Backed by a five-piece band and switching between electric and acoustic guitar throughout the show, Mary Chapin, who now makes her home in the Blue Ridge Mountains of Virginia, began rather fittingly with 'We Traveled So Far, the tender opening track on her latest album, 'The Age of Miracles.' She followed with another stellar track from the album, the upbeat 'I Put My Ring Back On.' The familiar opening guitar riff of the 1993 Top 5 hit, 'Passionate Kisses,' grabbed the crowd immediately, after which the singer revealed that she and her band had rushed to the theater from another Music City landmark, the Ryman Auditorium, where they played two songs on the Grand Ole Opry ('I Feel Lucky' and from her latest album, 'The Way I Feel').

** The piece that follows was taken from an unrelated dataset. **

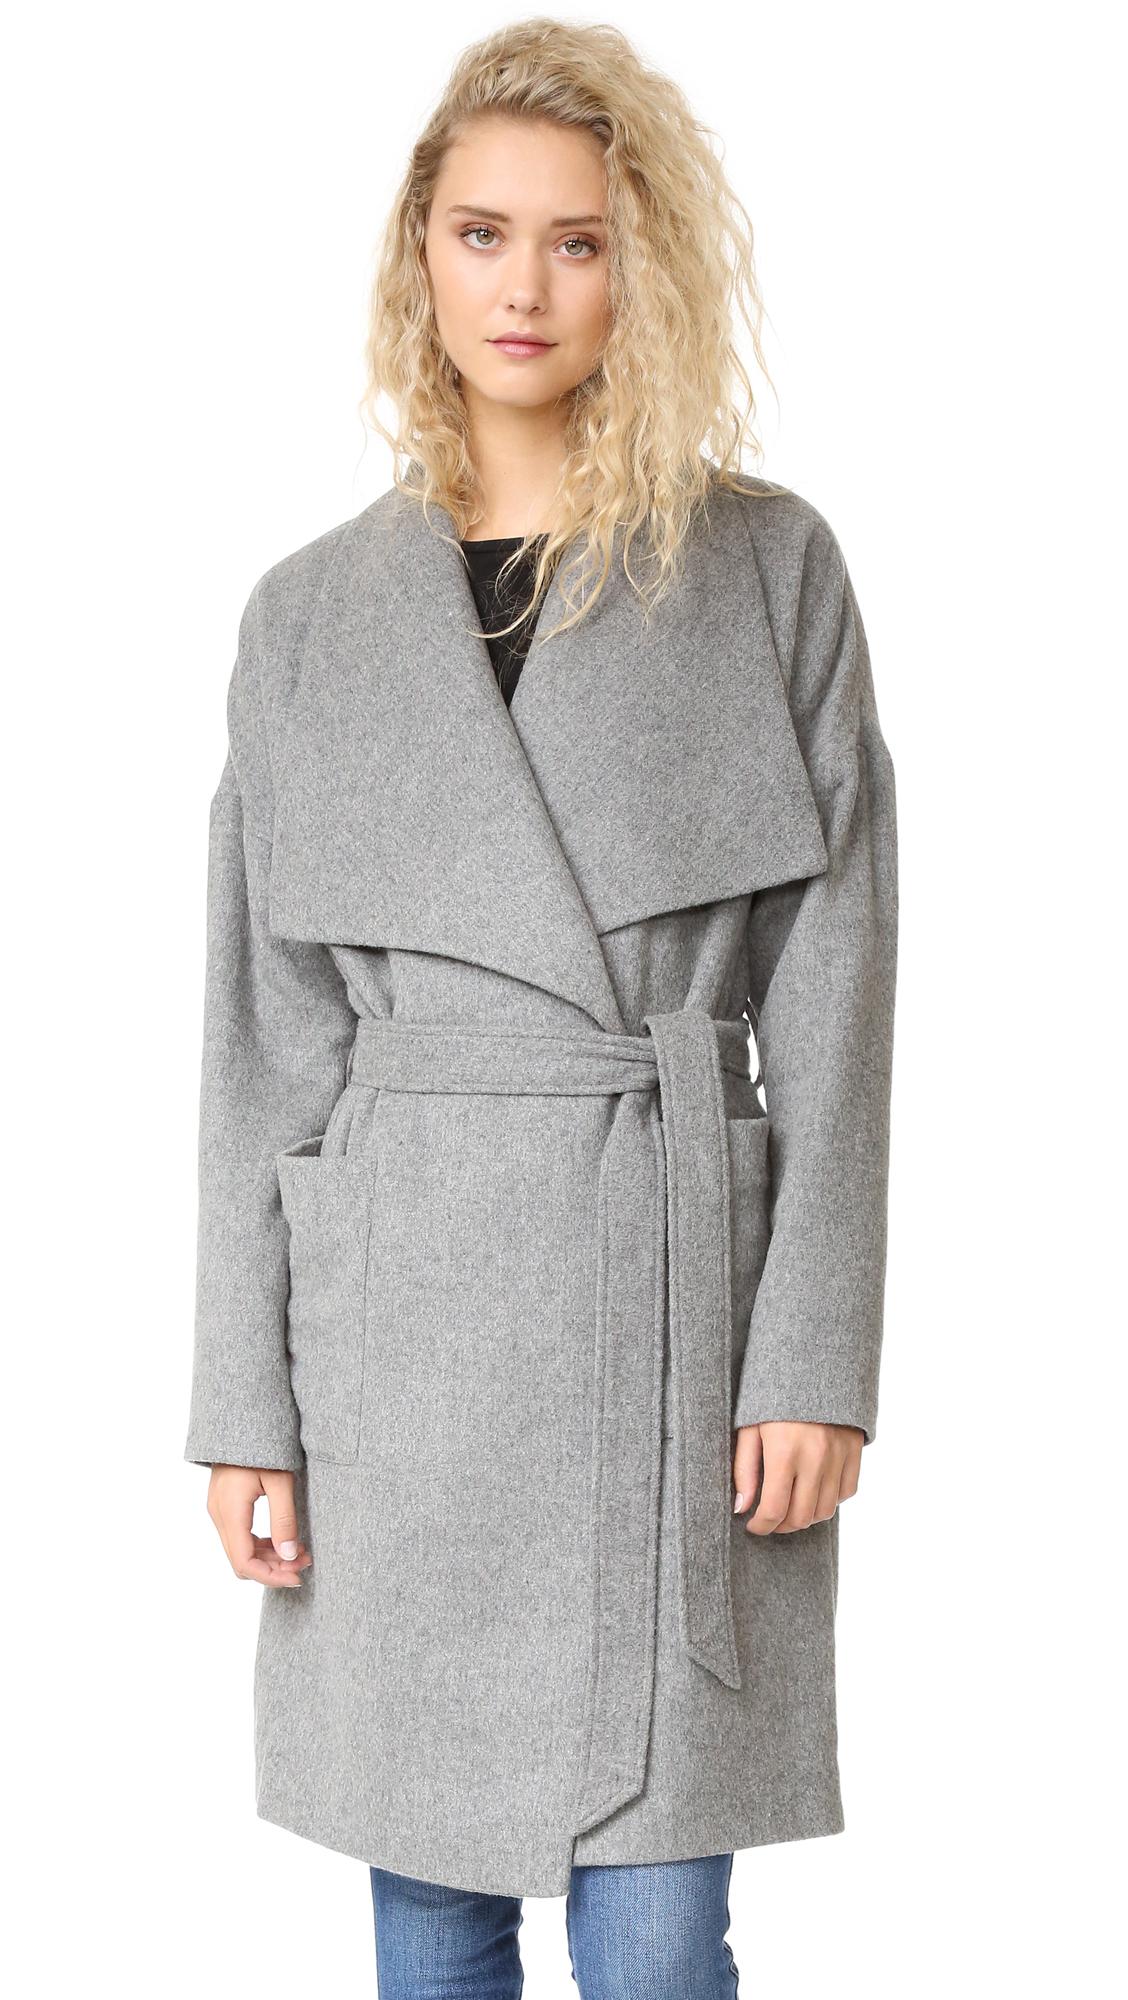 Madewell Delancey Blanket Coat - Heather Grey

"It was about four-and-a-half minutes of pure fun," she said of the experience, adding, "Marty Stuart is just the greatest guy; everybody down there is so fantastic. What a day, I'll never forget it."

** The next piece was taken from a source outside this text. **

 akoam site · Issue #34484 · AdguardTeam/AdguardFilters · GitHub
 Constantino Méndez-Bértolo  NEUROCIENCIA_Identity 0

Mary Chapin's current tour not only reintroduces her much-loved country hits and more recent yet less familiar (and, arguably, more thematically potent) material to audiences, the trek is giving her the chance to play songs from the critically lauded 2007 album, 'The Calling,' since, as she told the audience, "life interrupted" just as that tour was to get underway.

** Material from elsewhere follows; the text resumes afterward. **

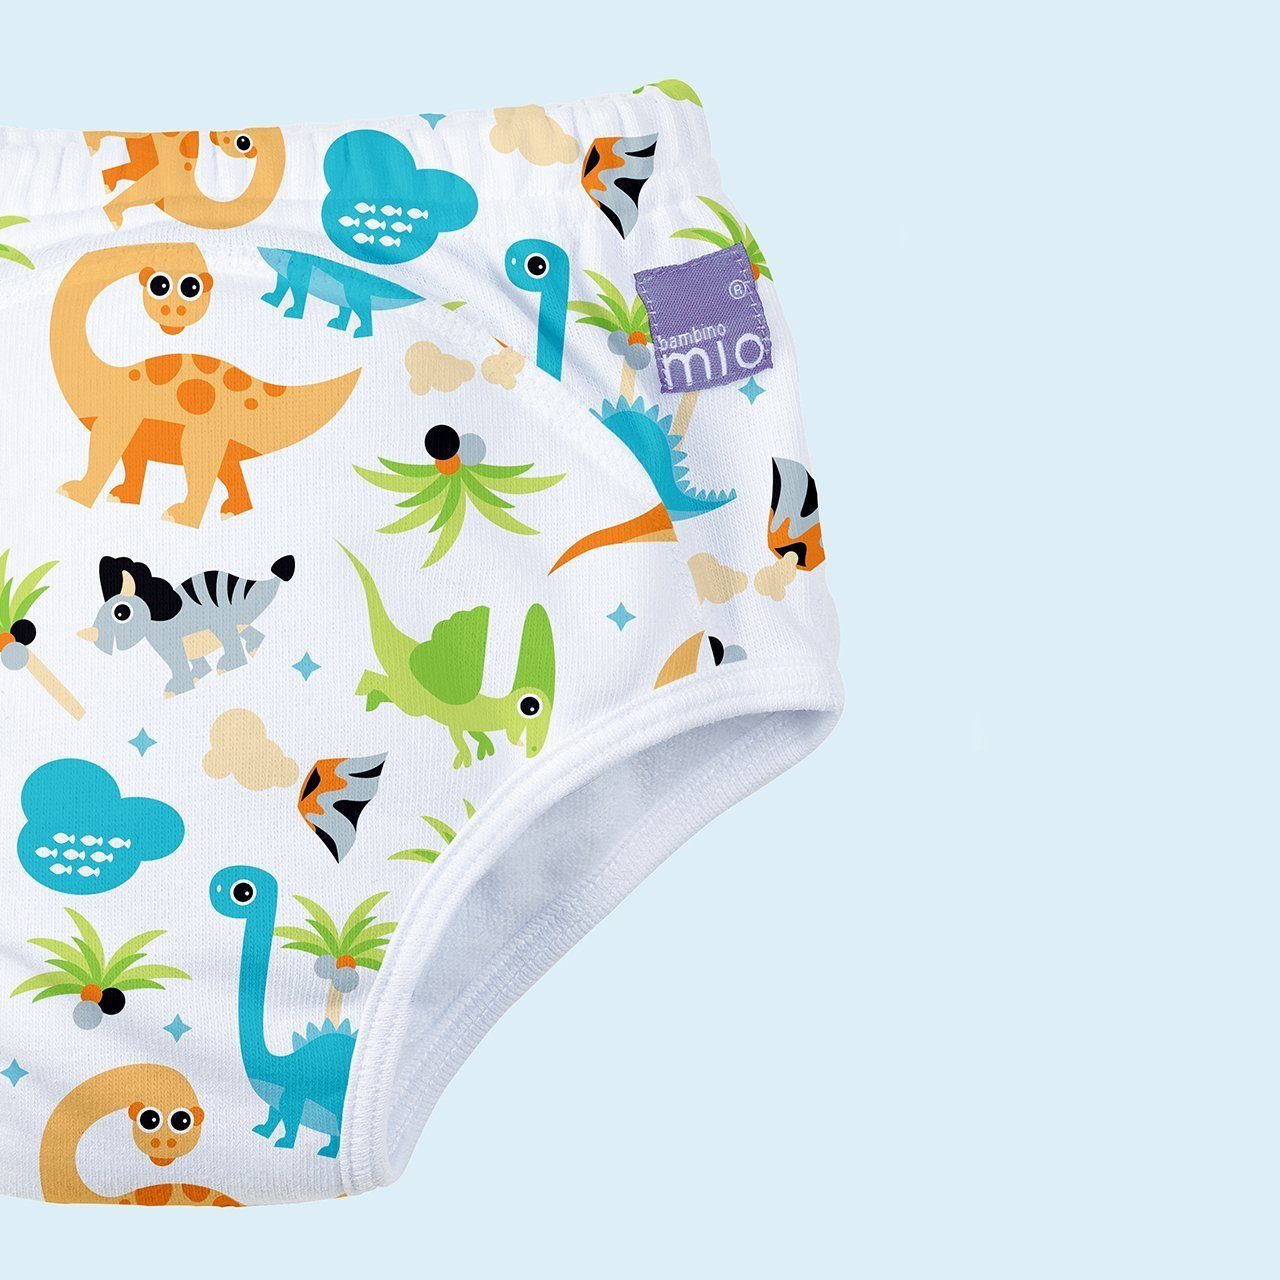 Bambino Mio 18-24 months potty training pants mixed unisex knights kingdom 5 pack

She offered no details of the pulmonary embolism that disrupted her life and career at the time, but instead introduced the title track from 'The Calling' by saying that the tune "speaks to my belief that we're all born with a purpose and it's really up to us to be alert enough when it taps us on the shoulder, if it hasn't found us somehow before that ... and to be courageous, brave, or spontaneous enough to follow it wherever it leads us." She offered as examples of people who have done just that, her youngest sister, an "elite athlete," who runs 100-mile races and is also a teacher, and a friend who builds clean-water projects in Guatemala. She also told the story of current U.S. poet laureate W.S. Merwin, who, "at 82, has another new gig," adding wryly, "so you have all these great, disparate examples -- and then there are people like Sarah Palin," a comment which earned the biggest laugh (and heartiest non-music-related applause) of the night.

While the remainder of the show included newer songs such as the gorgeous 'Mrs. Hemingway,' reflecting Mary Chapin's thoughts on the first wife of author Ernest Hemingway, and album favorites such as 'Stones in the Road' and 'Halley Came to Jackson,' the latter part of the evening concentrated on the hits that earned the singer numerous Grammys, CMAs and other awards throughout the 1990s. Vibrant renditions of 'Shut Up and Kiss Me,' 'Down at the Twist and Shout,' 'He Thinks He'll Keep Her' and the irresistible 'I Feel Lucky' were among the highlights.

She closed with a driving version of 'The Hard Way,' but for her Nashville fans, a couple of hours with the music of Mary Chapin Carpenter was the easy -- and the only -- way to spend a night in Music City.